Each line below should be repeated exactly, but no picture should be carried over.

*RAW DATA:*
===
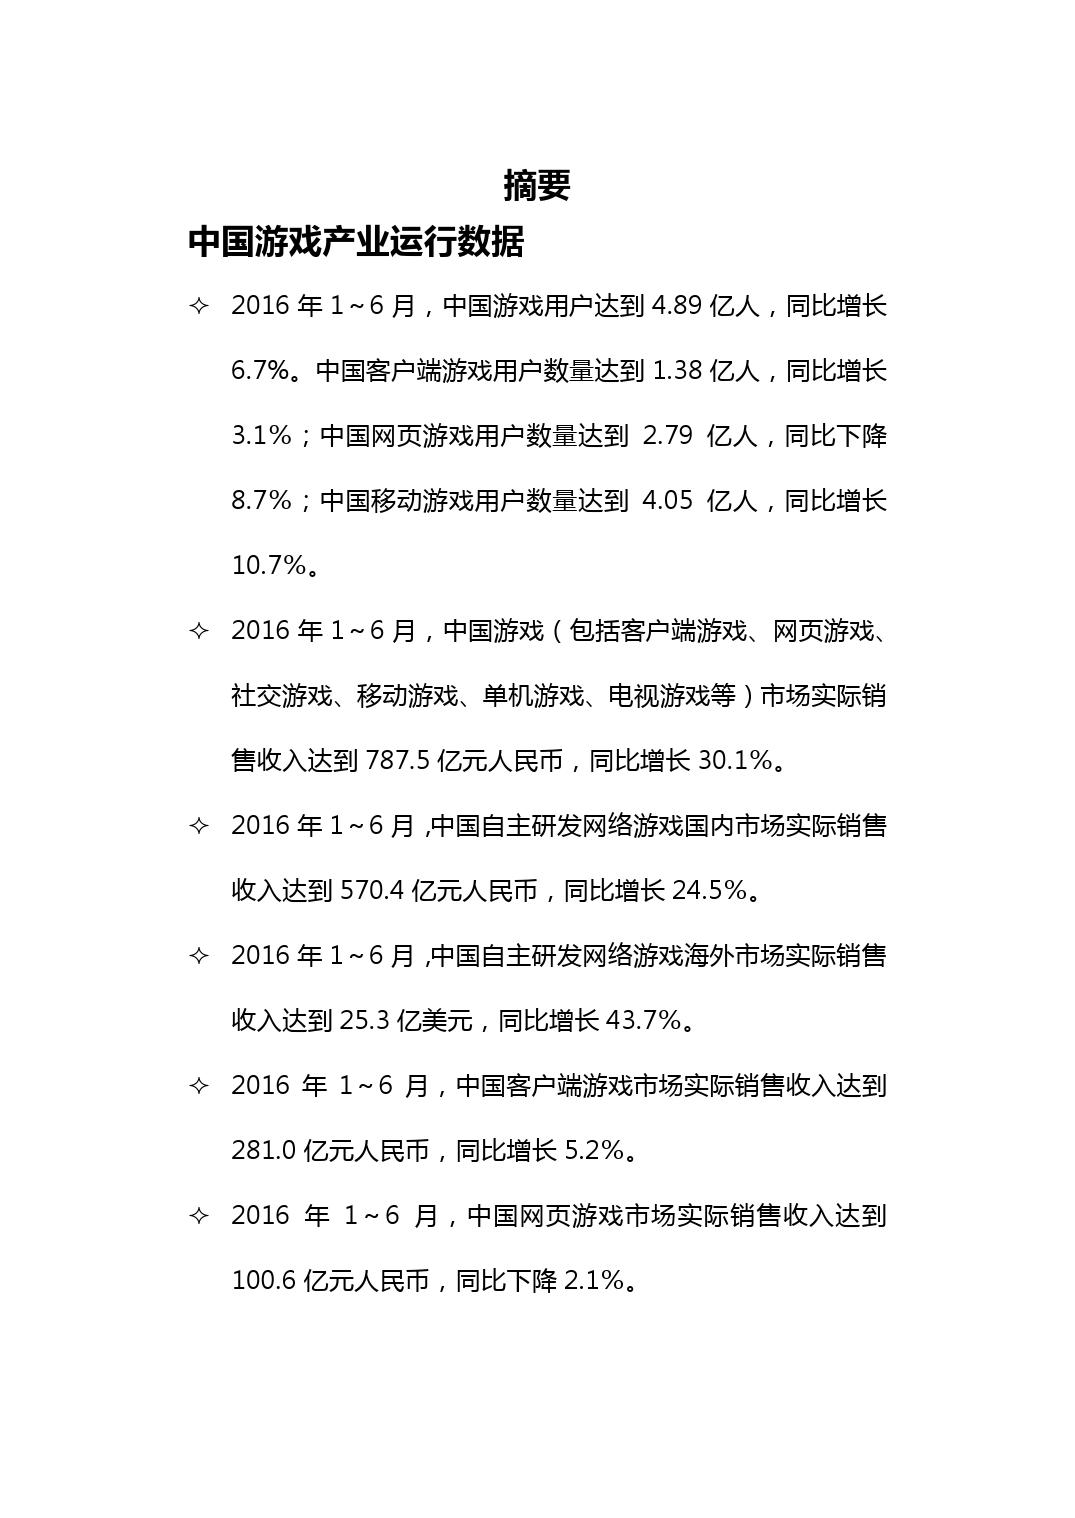 2016%e5%b9%b41-6%e6%9c%88%e4%b8%ad%e5%9b%bd%e4%ba%a7%e4%b8%9a%e6%b8%b8%e6%88%8f%e6%8a%a5%e5%91%8a_000009
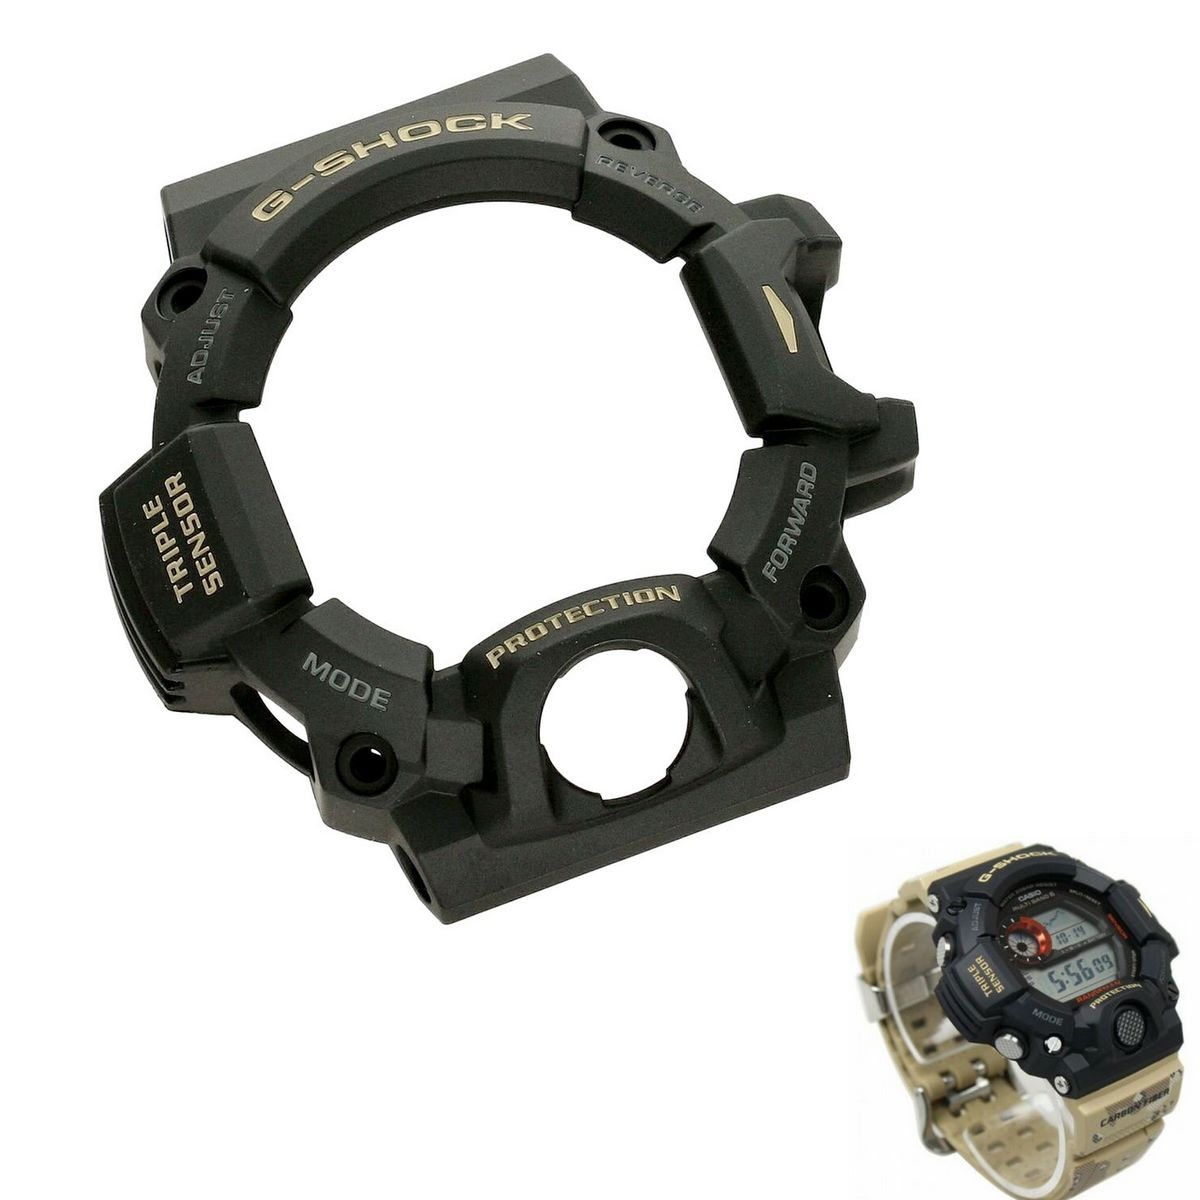 Bezel Capa Casio G-Shock Rangeman GW-9400DCJ-1 preto  *  - E-Presentes
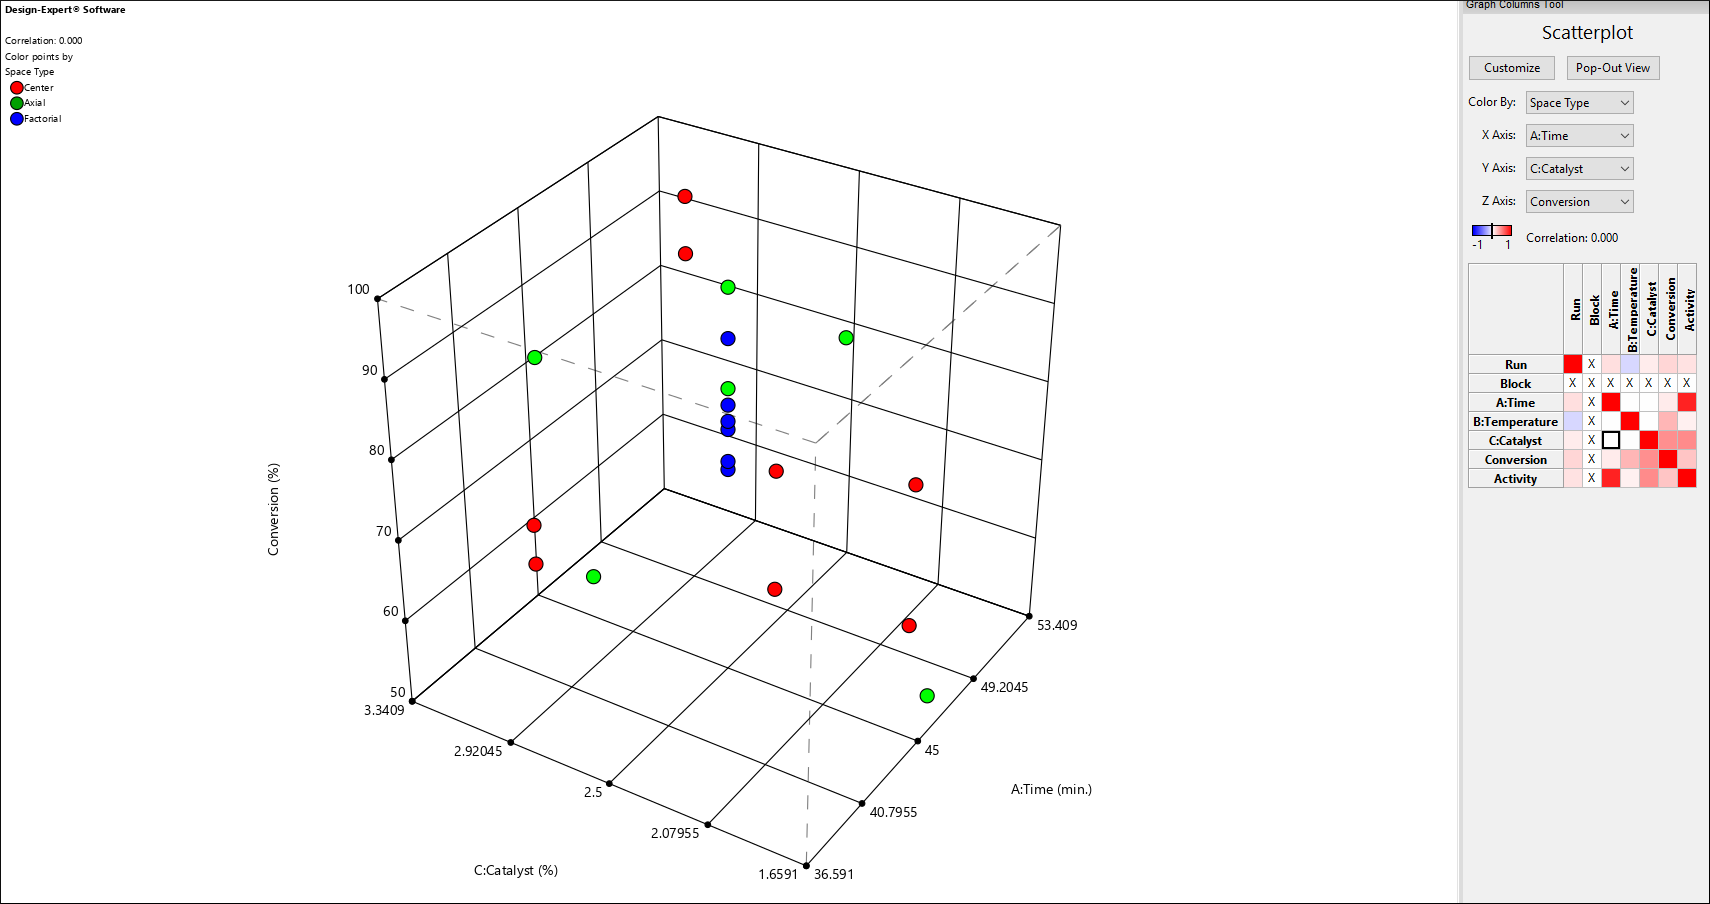 ../../_images/multifactor-rsm-3d-scatterplots.PNG
===
*RESULT FOR THIS TASK:*
 2016%e5%b9%b41-6%e6%9c%88%e4%b8%ad%e5%9b%bd%e4%ba%a7%e4%b8%9a%e6%b8%b8%e6%88%8f%e6%8a%a5%e5%91%8a_000009
 Bezel Capa Casio G-Shock Rangeman GW-9400DCJ-1 preto  *  - E-Presentes
 ../../_images/multifactor-rsm-3d-scatterplots.PNG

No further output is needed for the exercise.